- Meeting abstract
- Open Access
Evaluation of early and late complications of percutaneous dilatational tracheostomy in 86 ICU patients
© Biomed central limited 2001
- Published: 1 March 2002
- Retrospective Study
- Mechanical Ventilation
- Emergency Medicine
- Specific Treatment
Due to the prolonged stay of the critically ill under mechanical ventilation in ICU often stomatotracheal intubation should be replaced by tracheostomy. In our ICU for over the last 18 months we are practicing percutaneous dilatational tracheostomy as described by Griggs. The aim of our study is to estimate the safety of the method by evaluating the early and late complications that occurred.
In a retrospective study including 86 patients that have been trachiostomised by the above method we registered all complication that occurred for a period of 40 days after the procedure. In all of the cases the procedure was carried out in the ICU. The average time for the procedure varied between 2–10 min depending mainly on the experience of the performing surgeon.
In all cases per-operative mortality was 0%. The complications registered were grouped in Minor (A): Bleeding up to 20 ml in eight cases, rapture of the cuff in four cases, difficulty in advancing the tube into the trachea in four cases, minor subcutaneous emphysema in the region in two cases, and Major (B): Bleeding 20–150 ml in four cases, prolonged oxygen desaturation to 80% in two cases, extended subcutaneous emphysema in one case.

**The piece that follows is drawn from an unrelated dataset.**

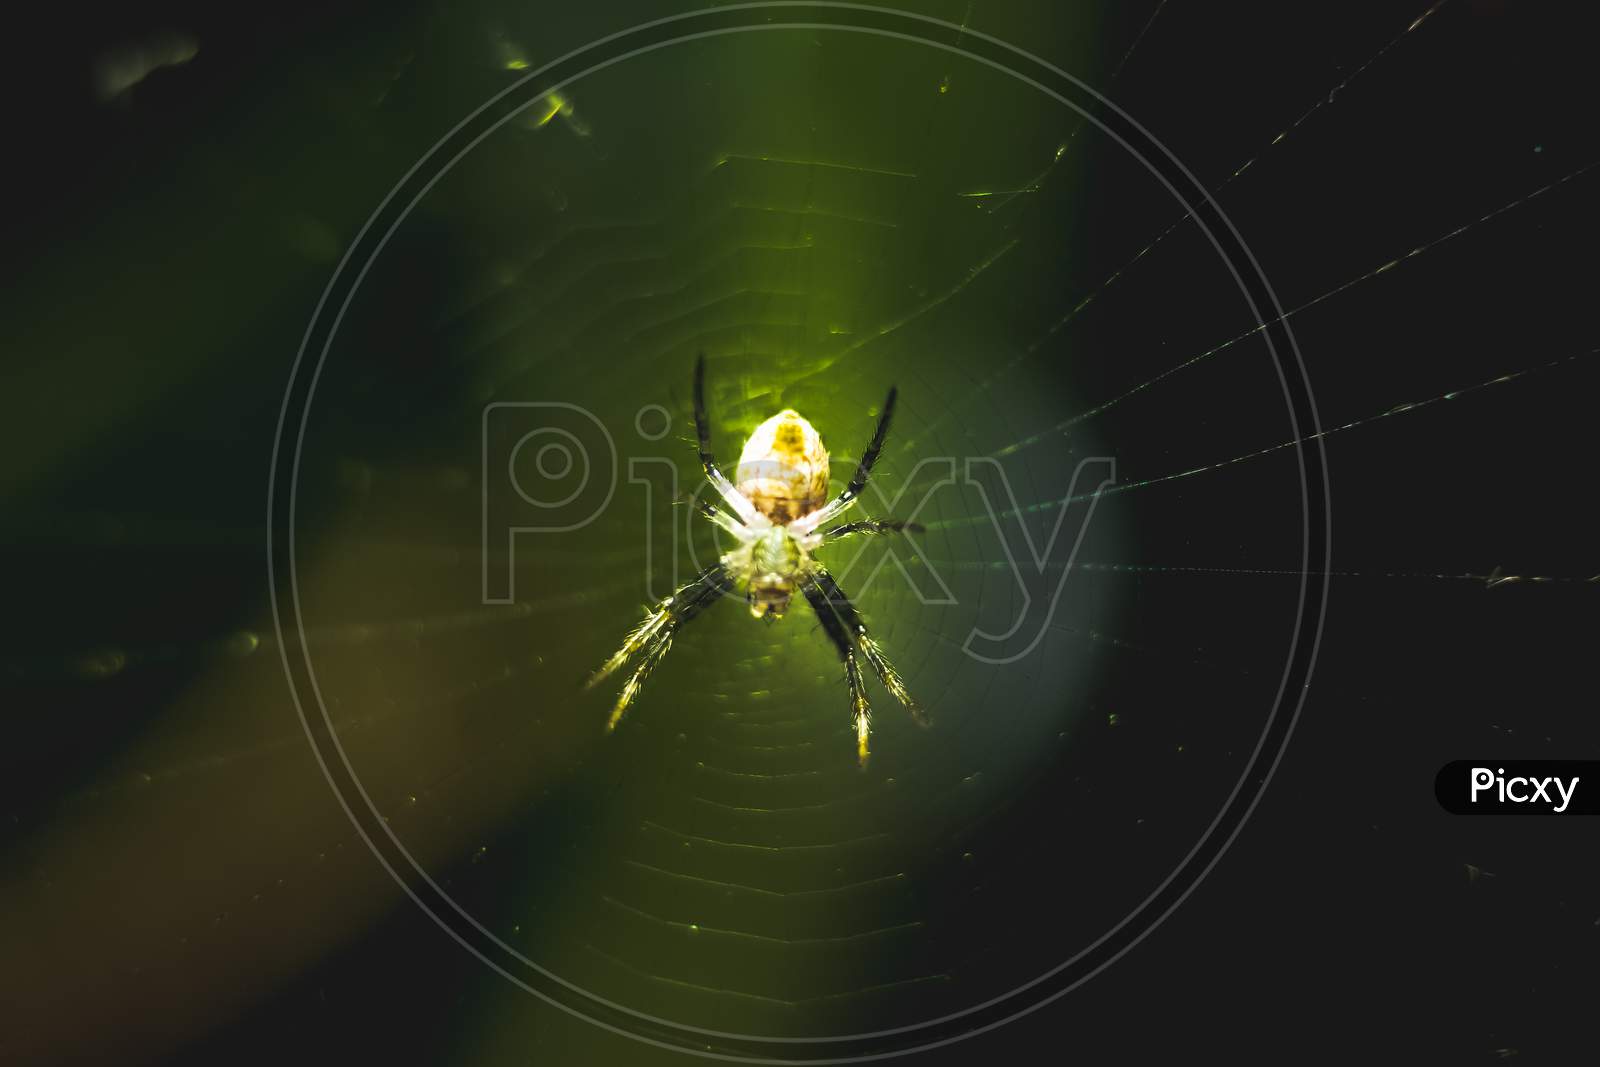 Spider On Web On Closeup Macro Photography. Small Spider On It Own Make Web Isolated On Dark Green Background. Unfinished Spider Web On Straight Line.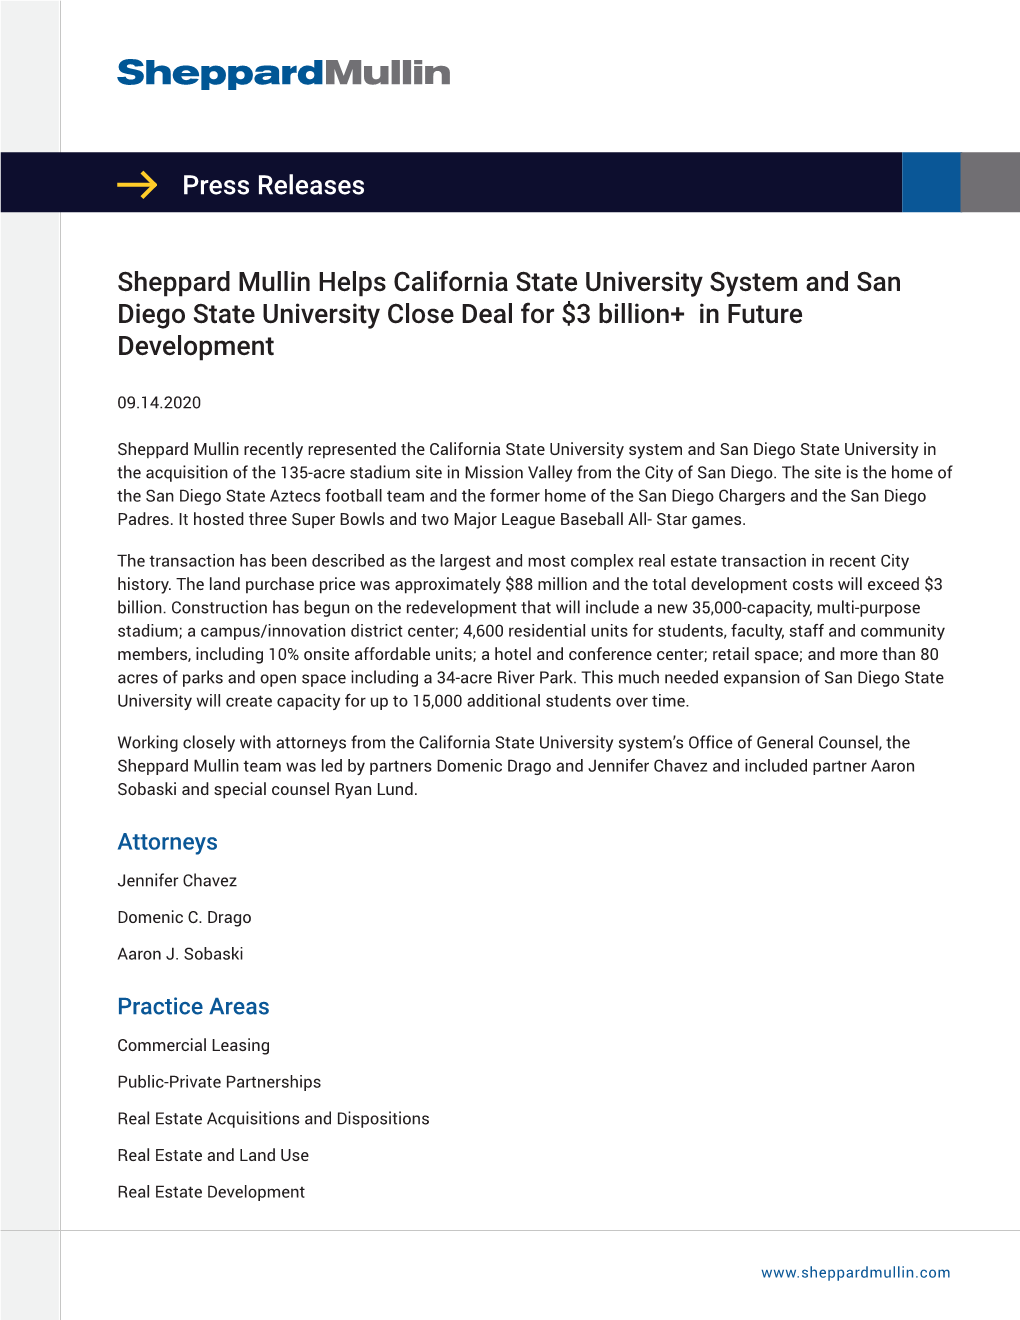 Press Releases Sheppard Mullin Helps California State University

In group A complications did not request any specific treatment, in contrast with group B that all complication necessitated specific treatment.
Early post-operatively in two cases we had suppuration of the stoma. In two cases we had minor lung atelectasias possibly due to bleeding. Evaluation on the 40th day was possible only in 55 cases that survived. Among these cases we had kelloid formations at the wound site in two cases.
The performance of tracheostomy by the above method is quick and effective in experienced hands in spite of the low possibility of major bleeding. However, the whole procedure should be performed in the presence of surgeon. Post operative scars were minimal.